How are hotspots formed?
Hotspots are formed when data is not allocated evenly across the cluster. This can happen for several reasons:
- Data is not allocated evenly across the cluster because sharding hasn’t been configured optimally by the user. An index either has fewer shards than it should or has many more than it should (respectively undersharding and oversharding). For guidelines on how to choose the correct number of shards for your system and configure them correctly, see this guide.
- For large, multi-tenant deployments, data may not be allocated evenly for a different reason. OpenSearch can evenly spread shards and indices across nodes so long as the deployment is relatively small / single tenant. Once the system is more complex, the automatic process performs less well. In general, OpenSearch ensures that every node has the same number of shards (regardless of their sizes!), but because the load on each shard is different, especially in multi-tenancy situations, some nodes can become more loaded than others.
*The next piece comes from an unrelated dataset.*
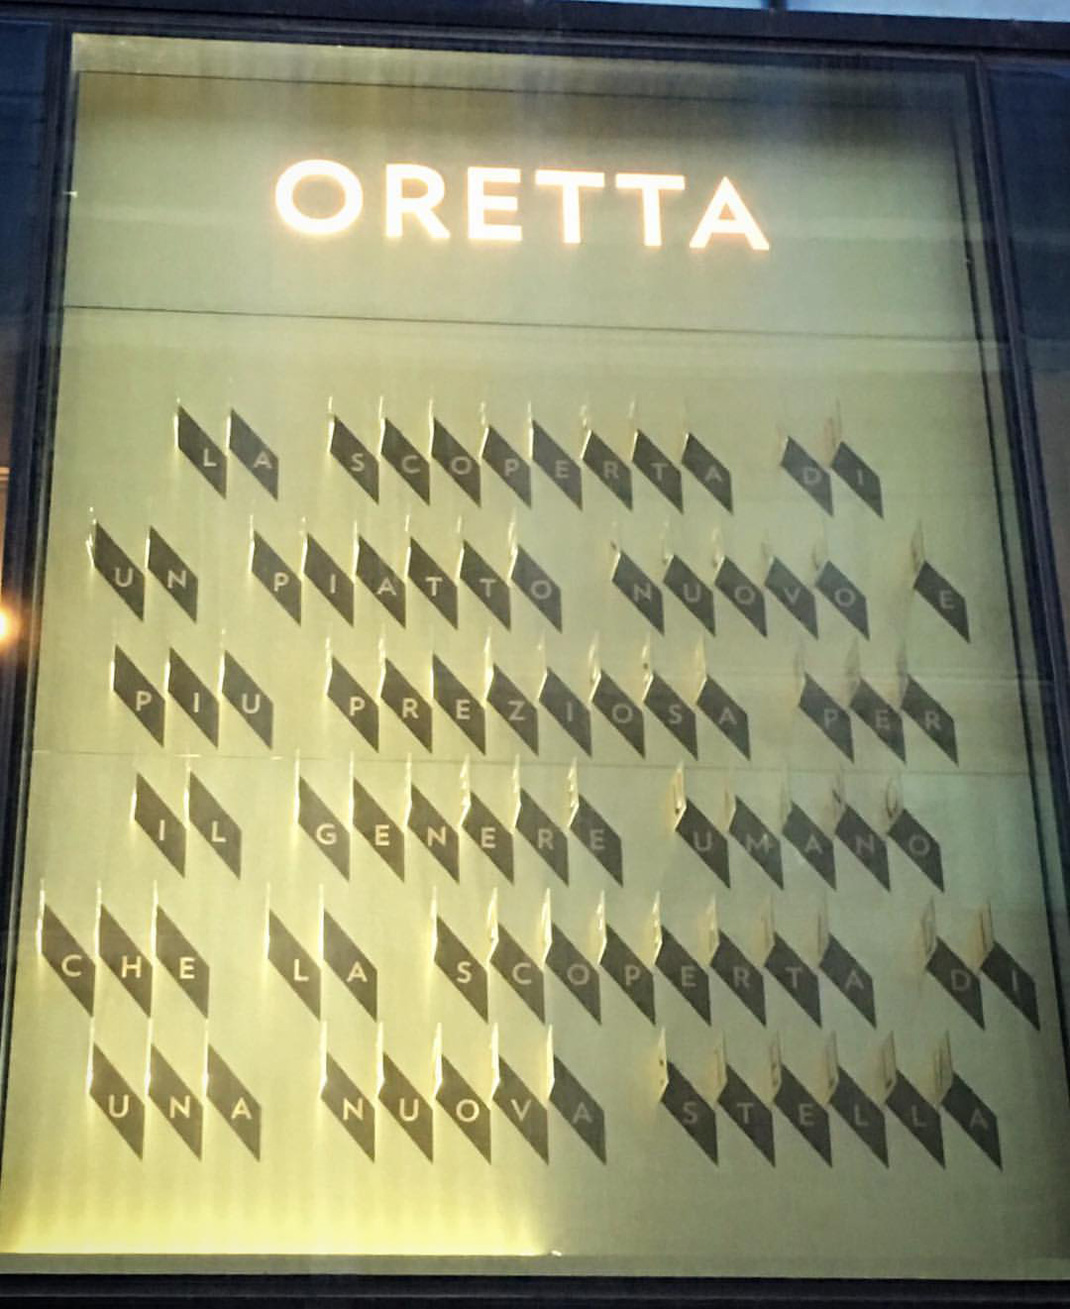 意大利餐厅Oretta 意大利 主题餐厅 金属 阵列 logo设计 vi设计 空间设计

- Scaling up the number of data nodes can cause a hotspot to form. Balancing shards across all nodes is done automatically by OpenSearch, but there are some scenarios in which hotspots form because the rebalancing process takes too long. This can occur when scaling up, as the balancing process will take a long time when nodes have hundreds or thousands of shards. During this time the cluster is still unbalanced, and any new index being created during that time would be allocated to the new nodes which will be carrying the majority of the indexing activity and can become hotspots.
- When a two-node cluster loses one node, replicas automatically get unassigned and all shards present on the remaining node get promoted to primary. When the second node gets back up, it will only host replica shards, hence all the write activity will happen on a single node. The same situation can also arise with bigger HA clusters with forced zone awareness configured.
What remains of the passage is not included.